A machine-rendered reading of the paper's core claim, the machinery that carries it, and where it could break.
Core claim
HTAM builds a two-level Hierarchical Transition Graph to organize coarse global directions, detailed local strategies, and transition experience between optimization steps. During each evolution step it selects a global direction from the current state and recent optimization history, retrieves the corresponding local strategy memory, and uses it to guide concrete CUDA code generation. This coarse-to-fine framework addresses the granularity mismatch in LLM-based operator optimization.
What carries the argument
The two-level Hierarchical Transition Graph that stores coarse global directions at one level, detailed local strategies at the other, and transition experience between steps.
Load-bearing premise
That a two-level graph can organize experience at the right granularity so global selection plus local retrieval produces effective CUDA code without enlarging the search space or obscuring bottlenecks.
What would settle it
Experiments on the KernelBench suite where HTAM shows no gains in correctness, fast-solution rate, or speedup compared to LLM baselines would disprove the claim.
Figures
read the original abstract
High-performance GPU kernels are essential for efficient LLM deployment, yet optimizing them remains expertise-intensive.

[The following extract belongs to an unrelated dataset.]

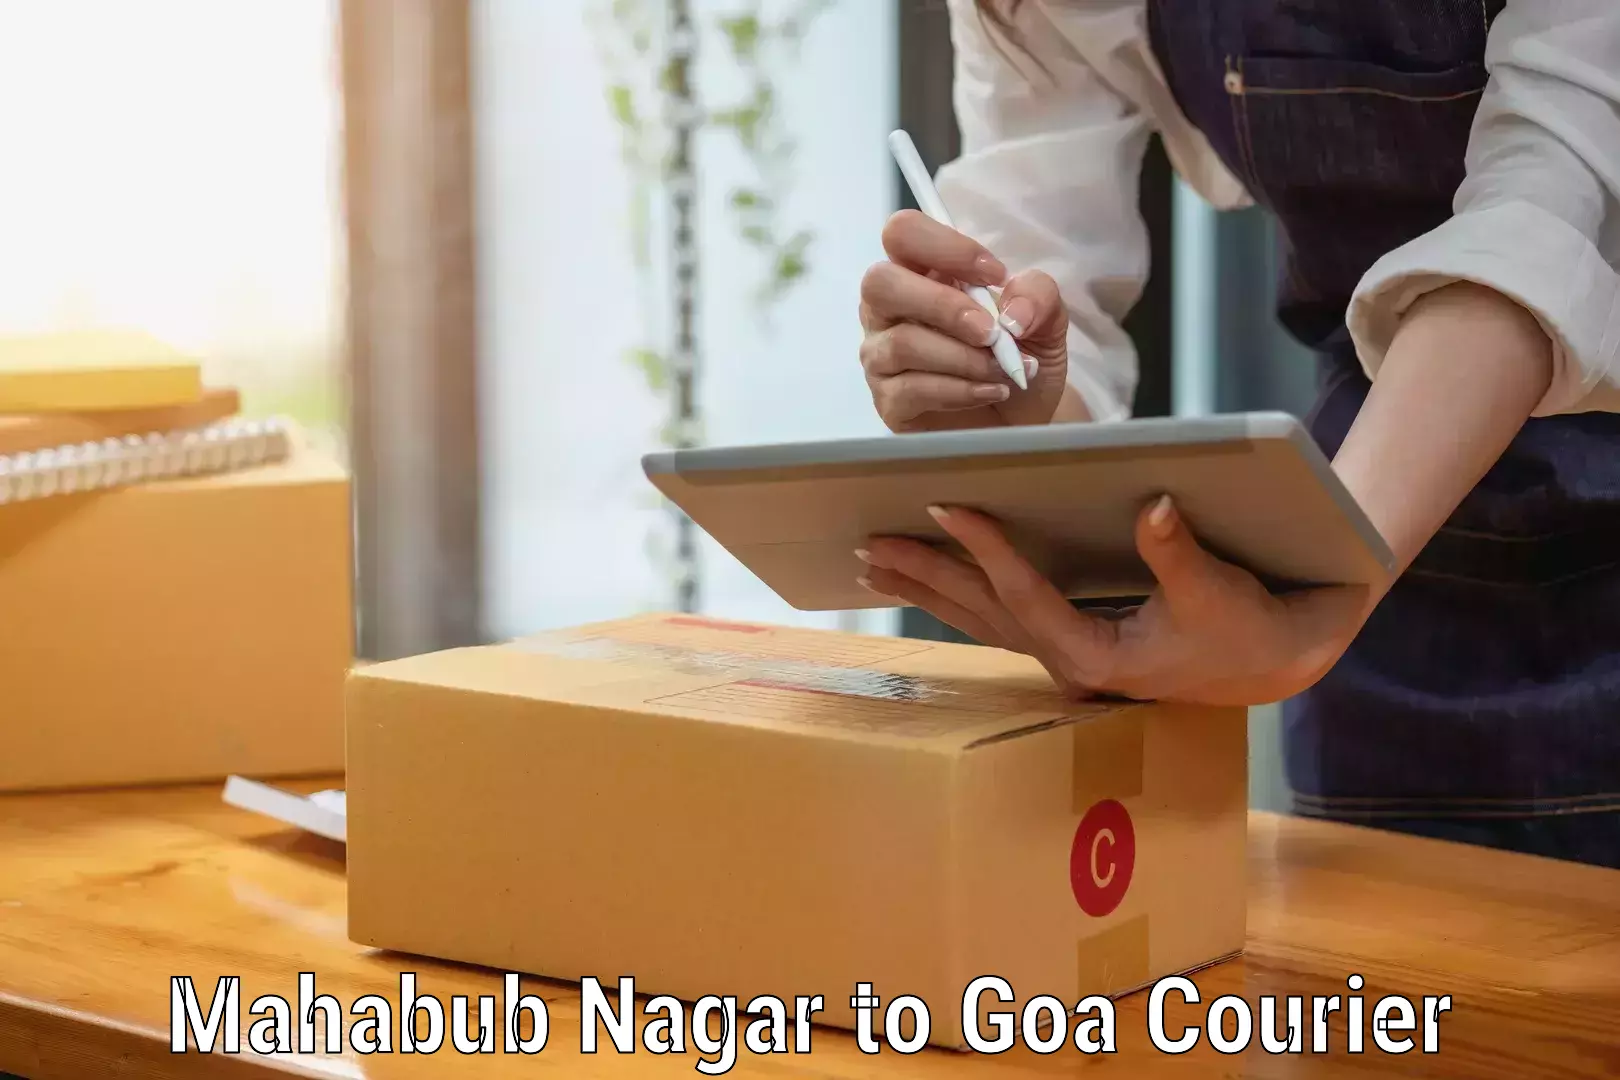 Trusted moving company Mahabub Nagar to South Goa

Recent LLM-based code generation makes automatic GPU operator generation promising, but operator optimization remains a hardware-aware search problem. Existing LLM-based methods face a granularity mismatch: coarse hints are reusable but hard to execute, whereas detailed memories are actionable but enlarge the search space and obscure optimization bottlenecks. The key challenge is therefore to organize optimization experience at an appropriate granularity. To address this issue, this paper proposes HTAM (Hierarchical Transition-Attended Memory), a coarse-to-fine framework for LLM-based operator optimization. HTAM builds a two-level Hierarchical Transition Graph (HTG) to organize coarse global directions, detailed local strategies, and transition experience between optimization steps. During each evolution step, HTAM selects a global direction from the current state and recent optimization history, retrieves the corresponding local strategy memory, and uses it to guide concrete CUDA code generation. Experiments on the full KernelBench suite demonstrate that HTAM consistently improves correctness, fast-solution rate, and speedup over LLM-based baselines, while backend and Robust-KBench studies indicate transferable benefits from structured memory.
Editorial analysis
A structured set of objections, weighed in public.
Referee Report
Summary. The paper proposes HTAM (Hierarchical Transition-Attended Memory), a coarse-to-fine framework for LLM-based GPU operator optimization. It constructs a two-level Hierarchical Transition Graph (HTG) to organize coarse global directions, detailed local strategies, and transition experience. At each evolution step, the method selects a global direction from the current state and recent history, retrieves the corresponding local strategy memory, and uses it to guide concrete CUDA code generation. Experiments on the full KernelBench suite are reported to show consistent gains in correctness, fast-solution rate, and speedup over LLM-based baselines, with additional backend and Robust-KBench studies indicating transferable benefits from the structured memory.
Significance. If the reported gains hold under rigorous evaluation, the hierarchical organization of optimization experience at appropriate granularity could meaningfully advance automatic, hardware-aware kernel generation for LLMs. The approach directly targets the granularity mismatch between reusable coarse hints and actionable but search-space-enlarging detailed memories, offering a structured alternative to flat memory or prompt-based methods.
major comments (1)
- [Abstract / Experimental Evaluation] The central experimental claim (consistent improvements on the full KernelBench suite) is presented without any description of baselines, number of trials, statistical tests, ablation results on the two-level HTG components, or definitions of the reported metrics. This absence prevents assessment of whether the data actually support the claim that structured memory yields transferable benefits.
Simulated Author's Rebuttal
We thank the referee for the constructive comment on the abstract's experimental description. We agree that greater self-containment in the abstract will strengthen the presentation of our claims and will revise accordingly while preserving the abstract's length constraints.
read point-by-point responses
-
Referee: [Abstract / Experimental Evaluation] The central experimental claim (consistent improvements on the full KernelBench suite) is presented without any description of baselines, number of trials, statistical tests, ablation results on the two-level HTG components, or definitions of the reported metrics. This absence prevents assessment of whether the data actually support the claim that structured memory yields transferable benefits.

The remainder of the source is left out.